The project's inspiration stems from the recollection of an age-old childhood game known as 'Sekretai,' roughly translated as 'Secrets,' prevalent in the Baltic countries and beyond. In the late 20th century, innocent backyard game unwittingly echoed the inclination of a constrained Soviet society to blend in, hide personal beliefs and family traditions, and live discreetly in public spaces. The notion of "secrets" aptly captures the deliberate choice of Soviet society to embrace secrecy.

The "Secrets" game encompasses a thorough process involving preparation, location selection, execution, storage, and unique communication among neighborhood children. Discovering unusual items like plants or glossy sweet wrappers, the children excavate a concealed spot, hide their valuable finds, and encase them with a glass dome. Sealed with a thin layer of soil, the glass prevents others from uncovering the secret. Maintaining the "secret" is crucial to observe the changes beneath the glass. Sharing "secrets" exclusively with close friends makes it a profound game of trust, a test of friendship, secret exchange, and vibrant communication—elements often scarce in contemporary society.

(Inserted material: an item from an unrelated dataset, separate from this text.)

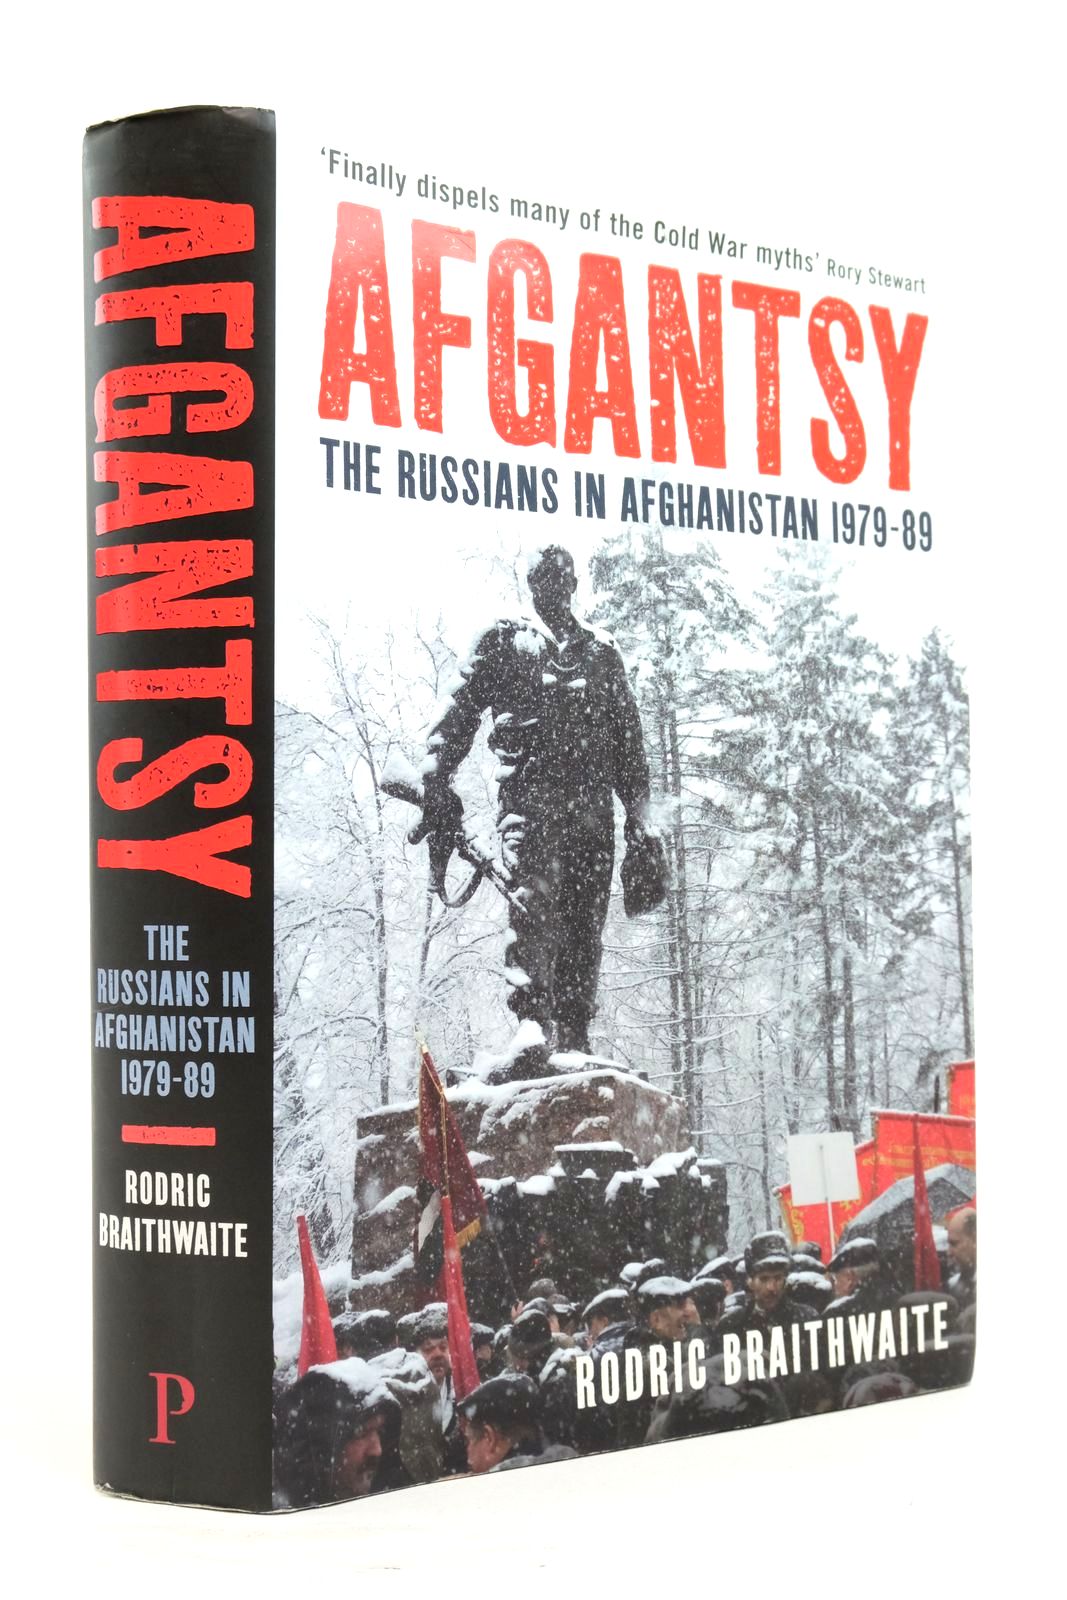 Photo of AFGANTSY: THE RUSSIANS IN AFGHANISTAN 1979-89 written by Braithwaite, Rodric published by Profile Books (STOCK CODE: 2137868)  for sale by Stella & Rose's Books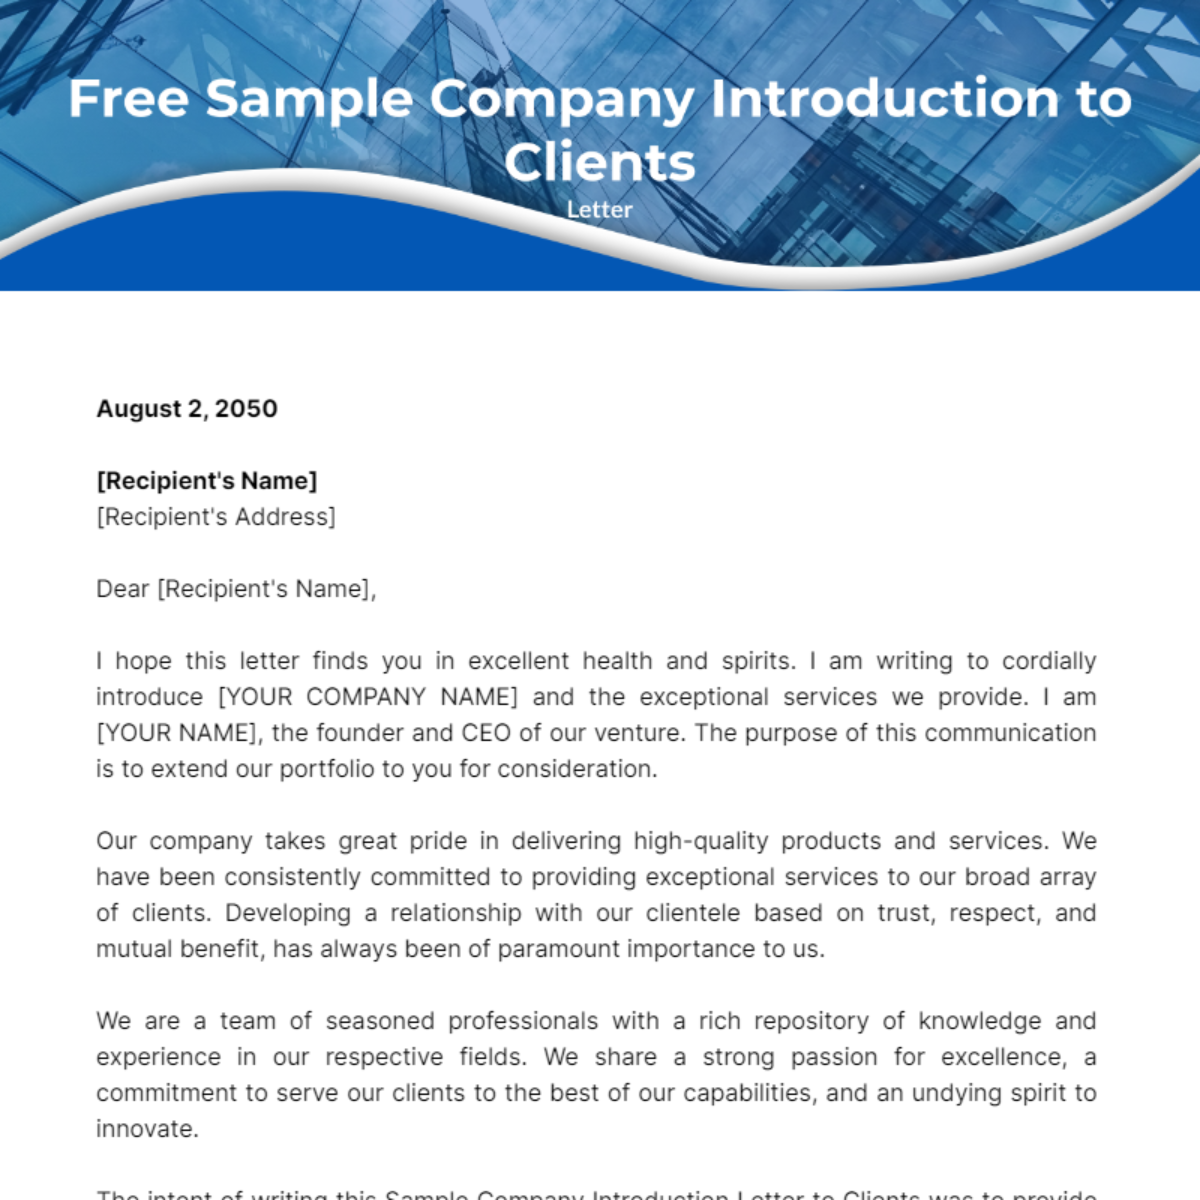 Sample Company Introduction Letter to Clients Template

Applying the same principle of the game ‘Sekretai’, I substituted flowers with people, and instead of revealing creations to a single friend, I chose to unveil them to a broader audience, to society.

In the 21st century, where technology and globalization transform daily life, behaviour, hobbies, routines, and ideologies irreversibly, this project aims to spotlight human roots and region-specific archetypes shaping individual personalities. The interpretation underscores the enduring value of childhood memories, a sense of community, trust, and friendship while addressing modern challenges such as alienation, crowd-induced loneliness, communication deficiencies in the technological age, and the loss of connection with nature and our inner selves.